• _SOURCE DATA_
:::

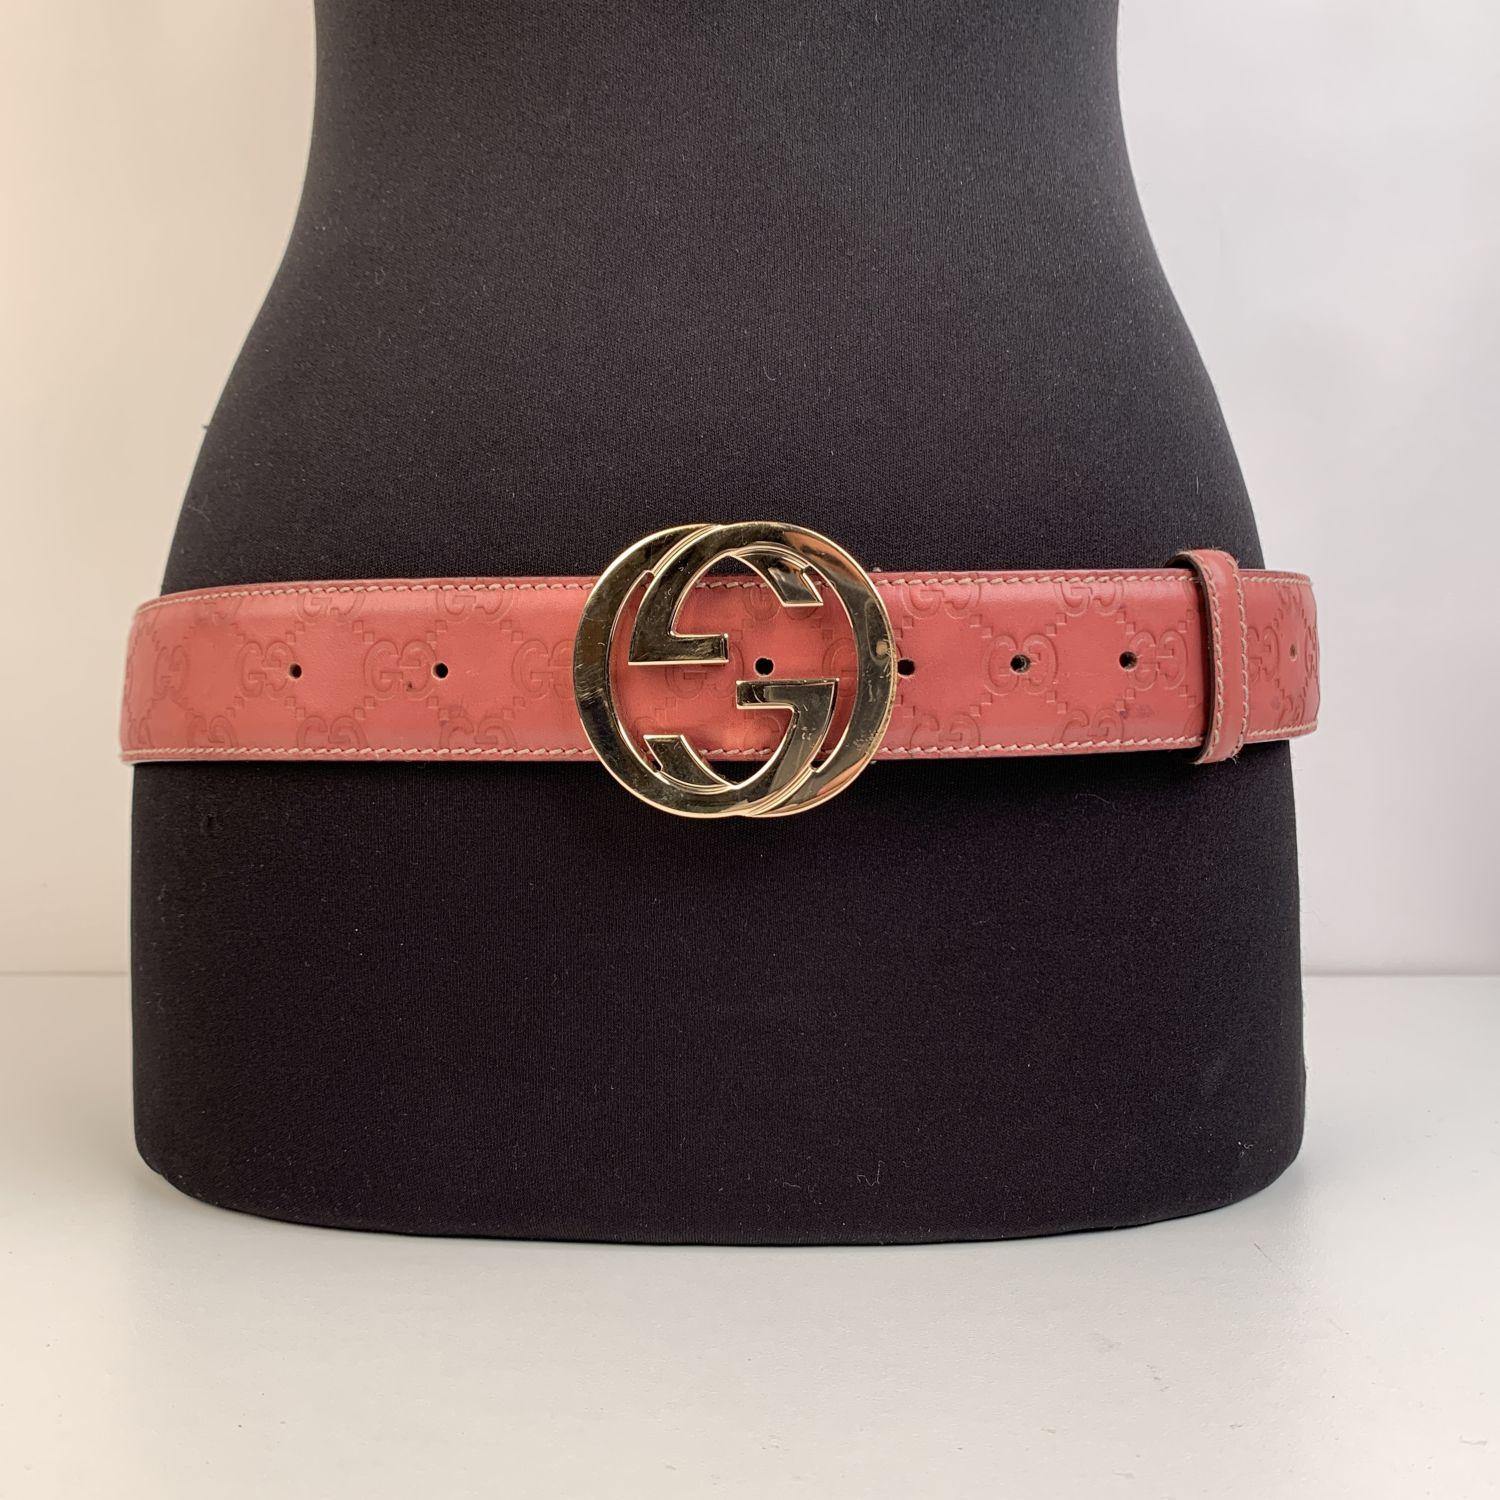 Gucci tan monogram Guccissima leather belt. Gold metal GG buckle. Width: 1.5 inches - 3,8 cm. 'GUCCI - Made in Italy' engraved on the reverse of the belt, serial number engraved on the reverse of the belt. Size: 95/38 (it should correspond to a 42
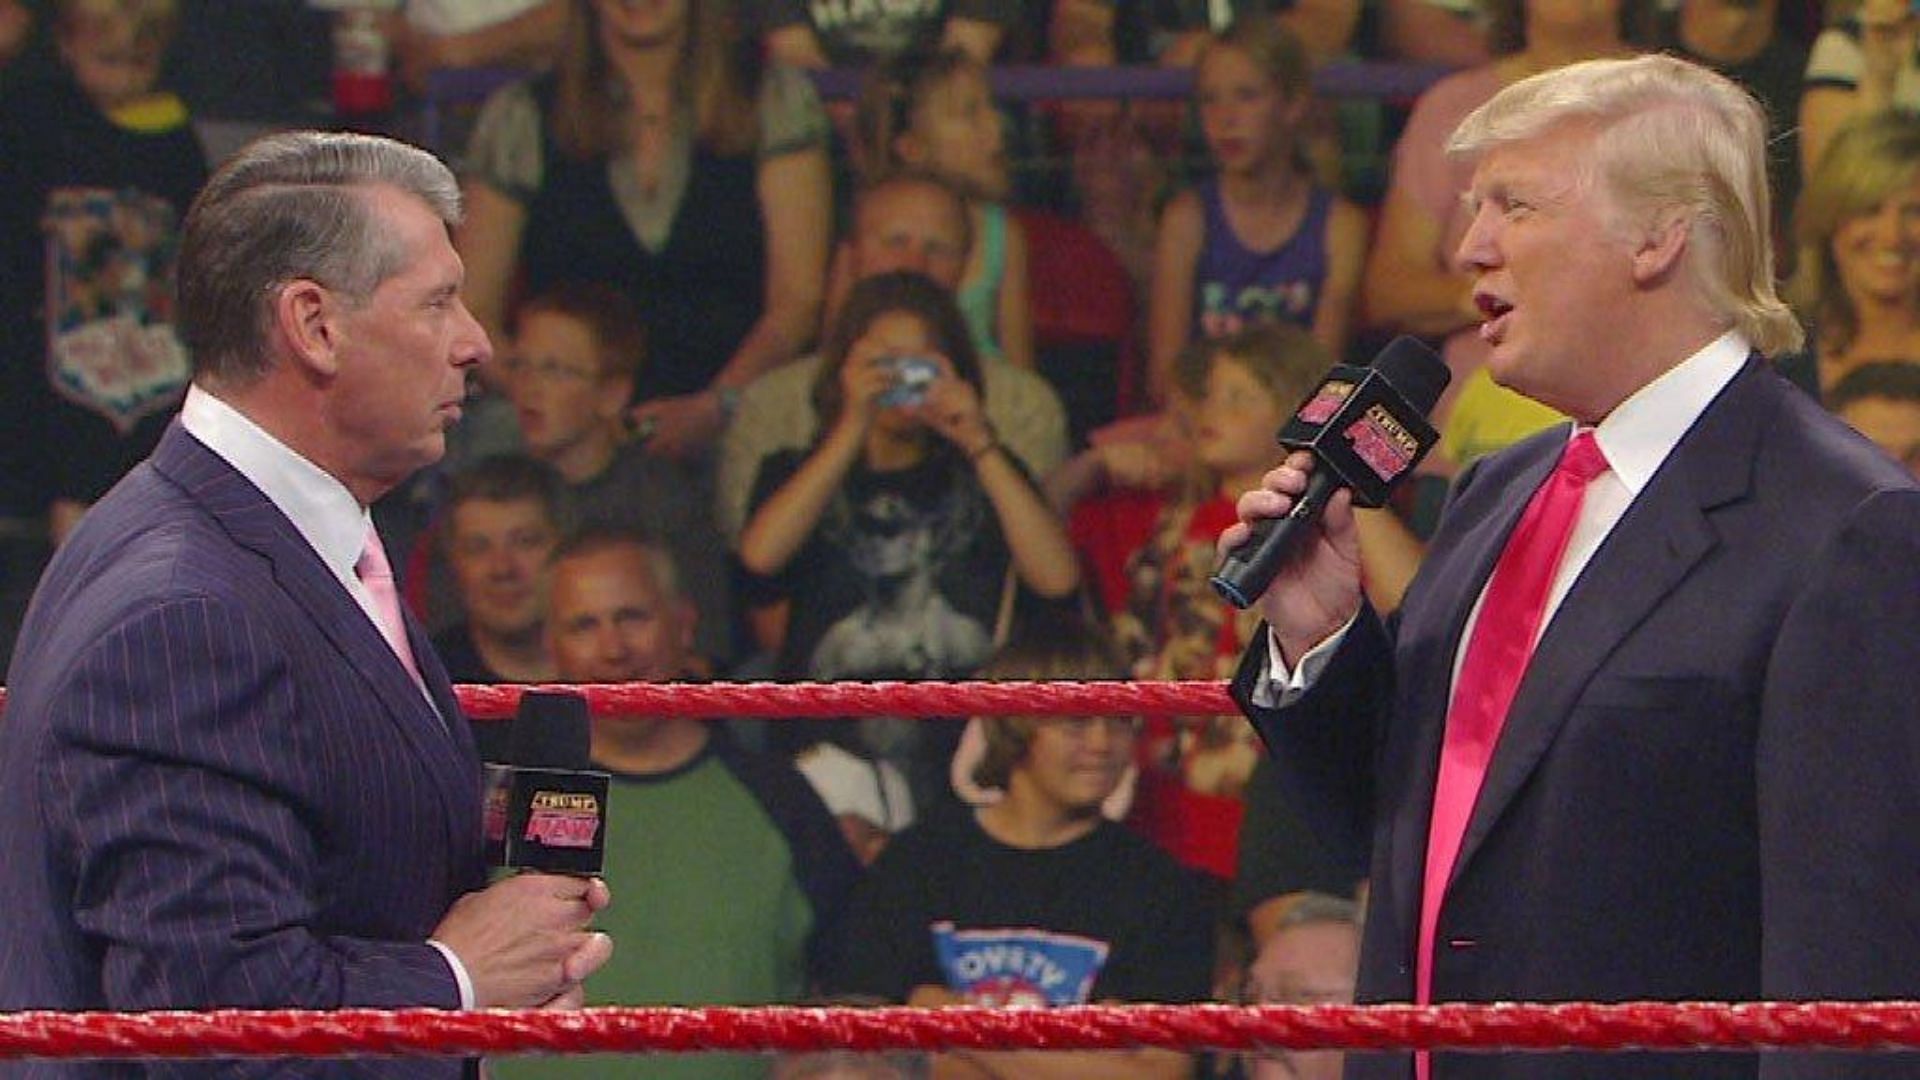 Donal Trump had a rivalry with Vince McMahon
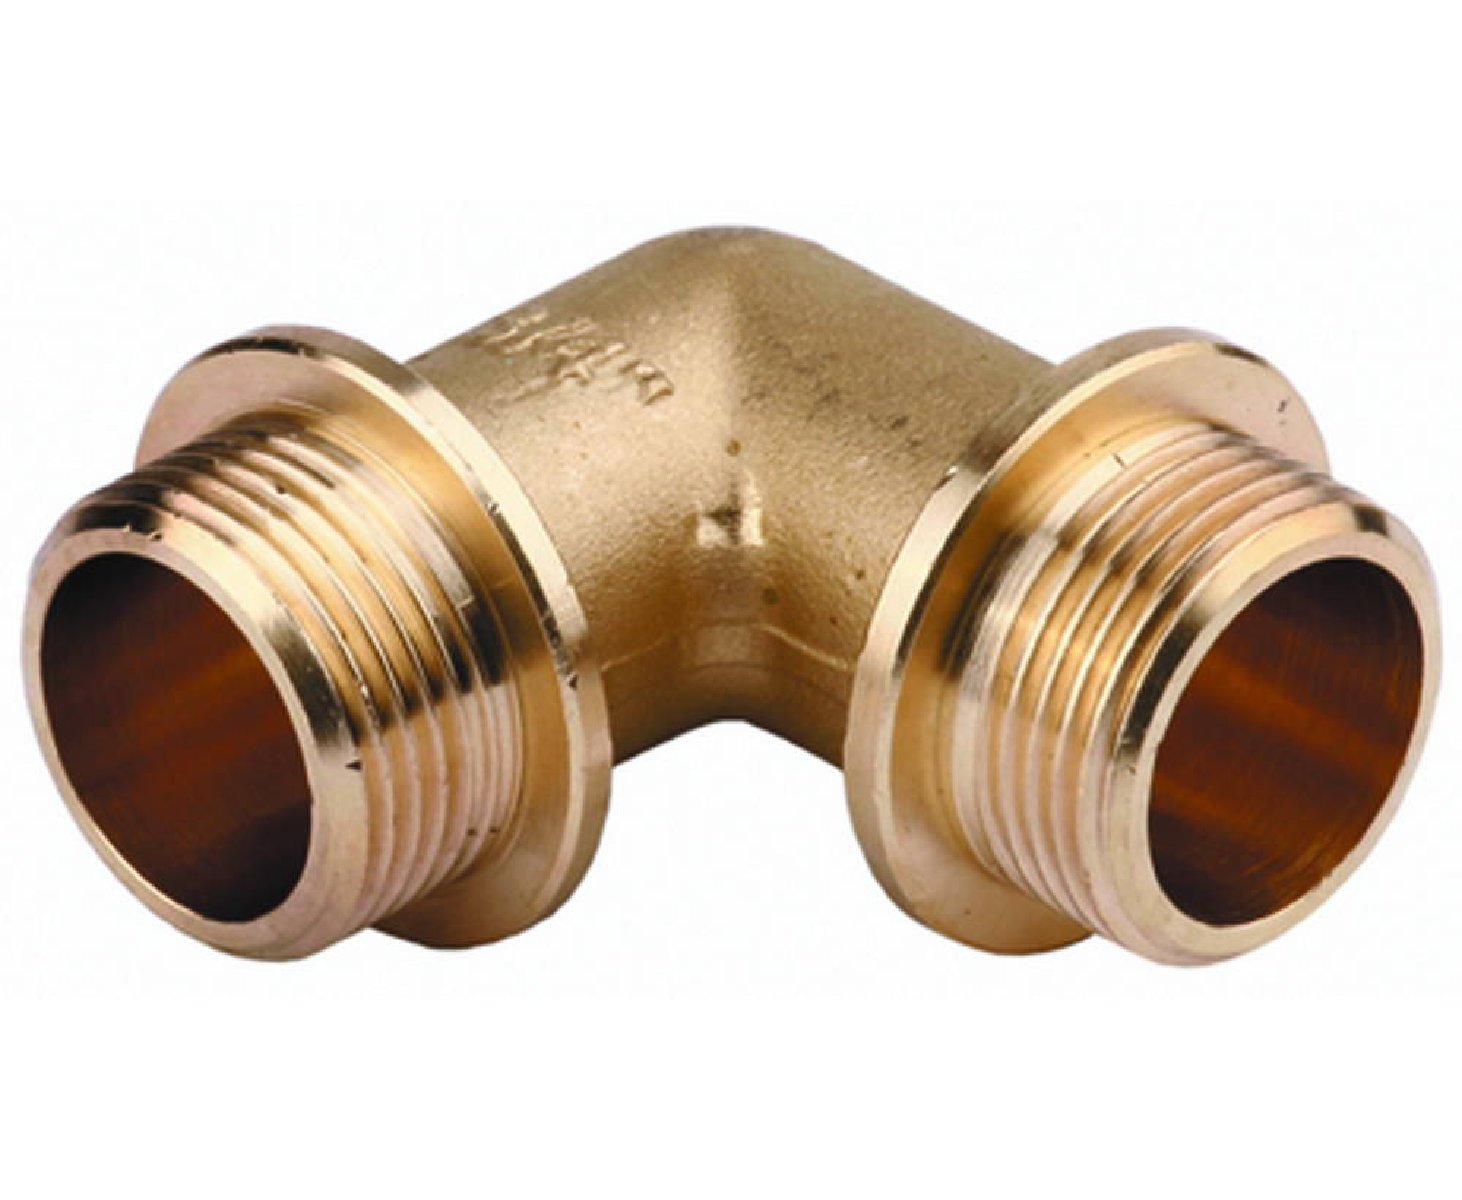  GENERAL FITTINGS   3 4  (51071-S S-3 4)
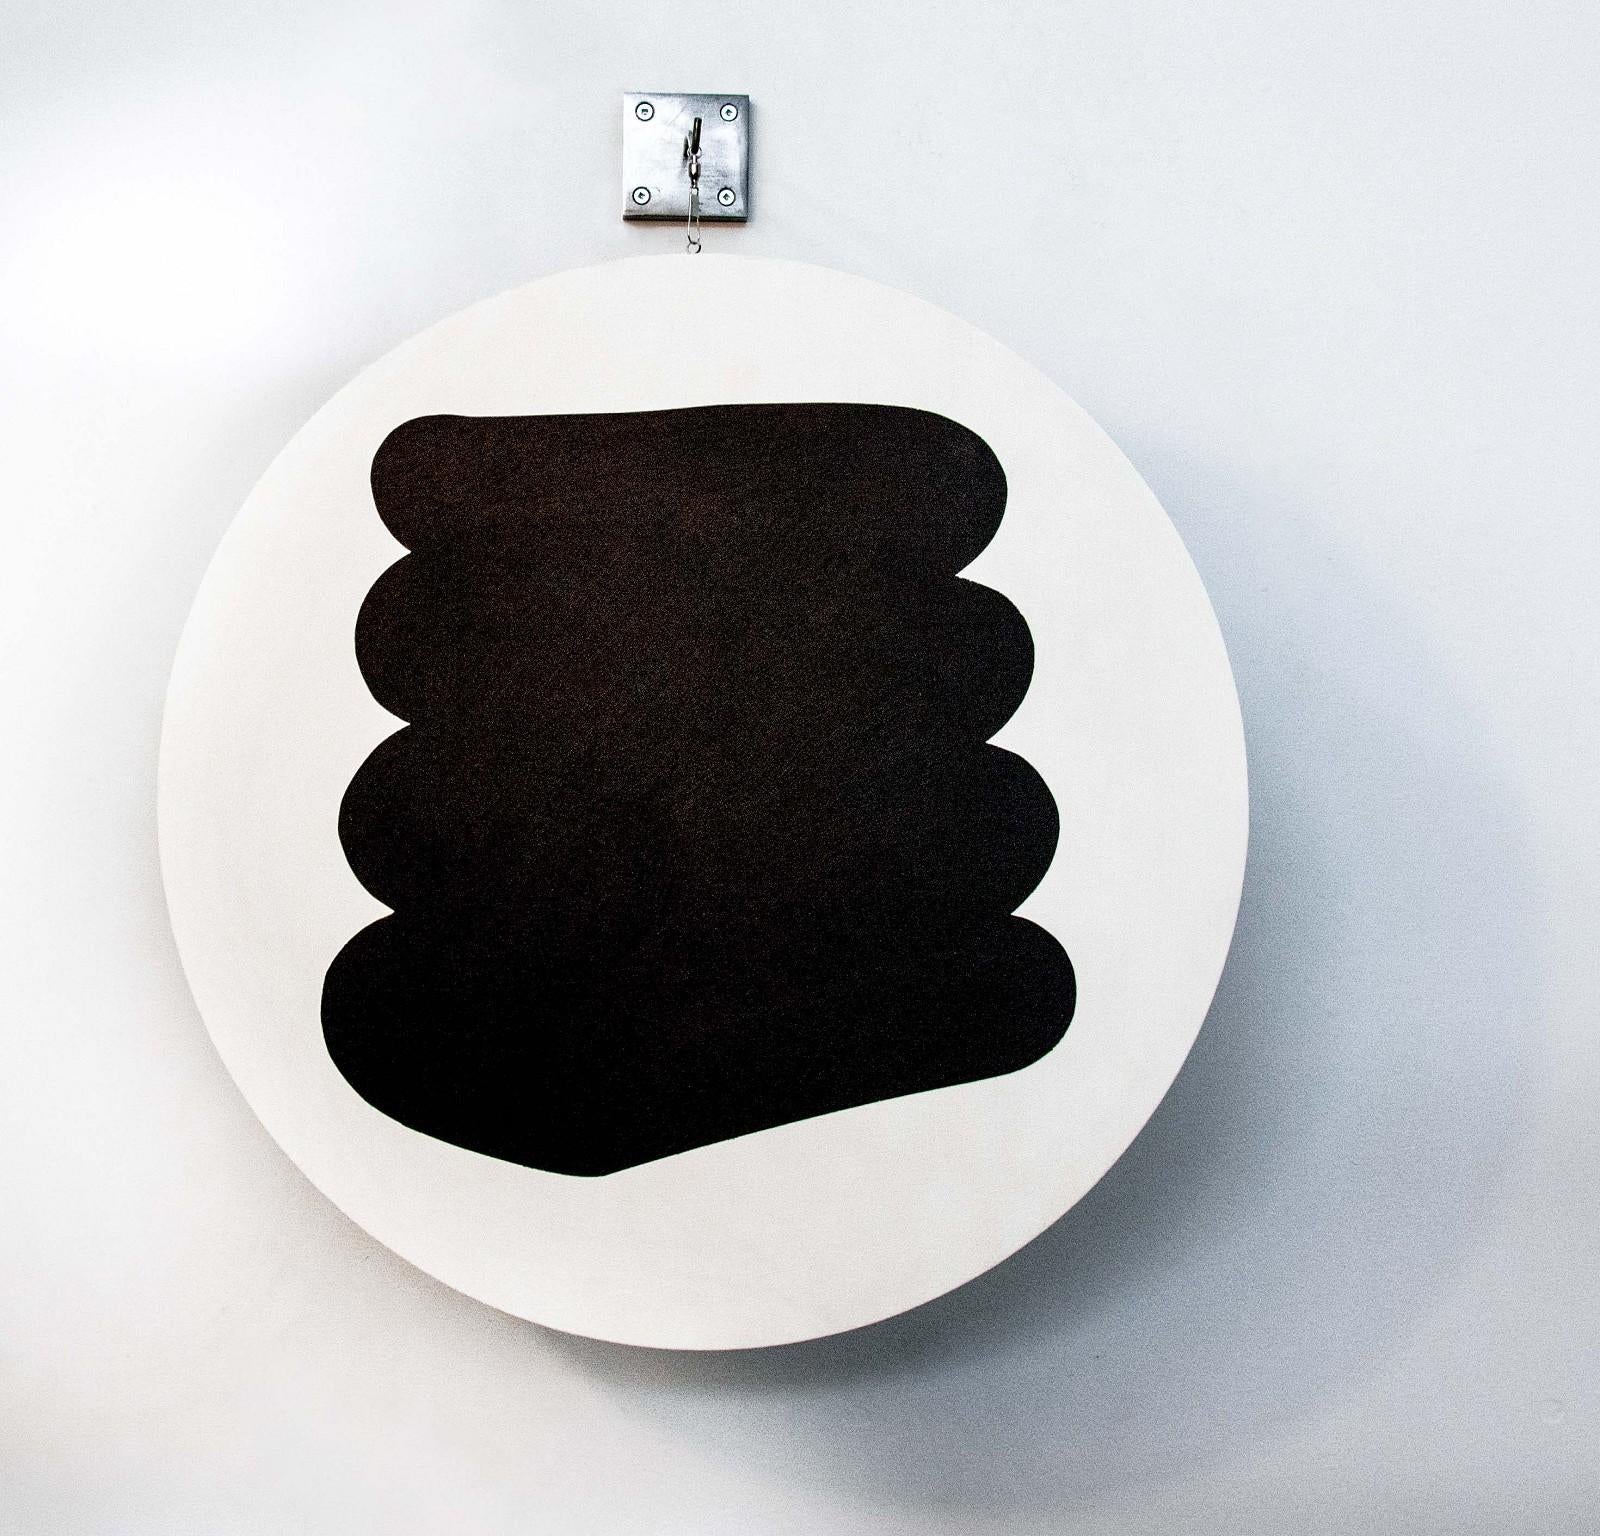 A Group of 3 Rounds containing various Black Shapes - hanging wall sculpture - Contemporary Sculpture by Aron Hill

:::

• _INSTRUCTIONS TO FOLLOW_
Keep the pictures out of your answer, which should be the lines from the one with "Donal Trump had a rivalry with Vince McMahon" through the final line of the data, copied exactly.

• _RESPONSE TO THE EXERCISE_
 Donal Trump had a rivalry with Vince McMahon
  GENERAL FITTINGS   3 4  (51071-S S-3 4)
 A Group of 3 Rounds containing various Black Shapes - hanging wall sculpture - Contemporary Sculpture by Aron Hill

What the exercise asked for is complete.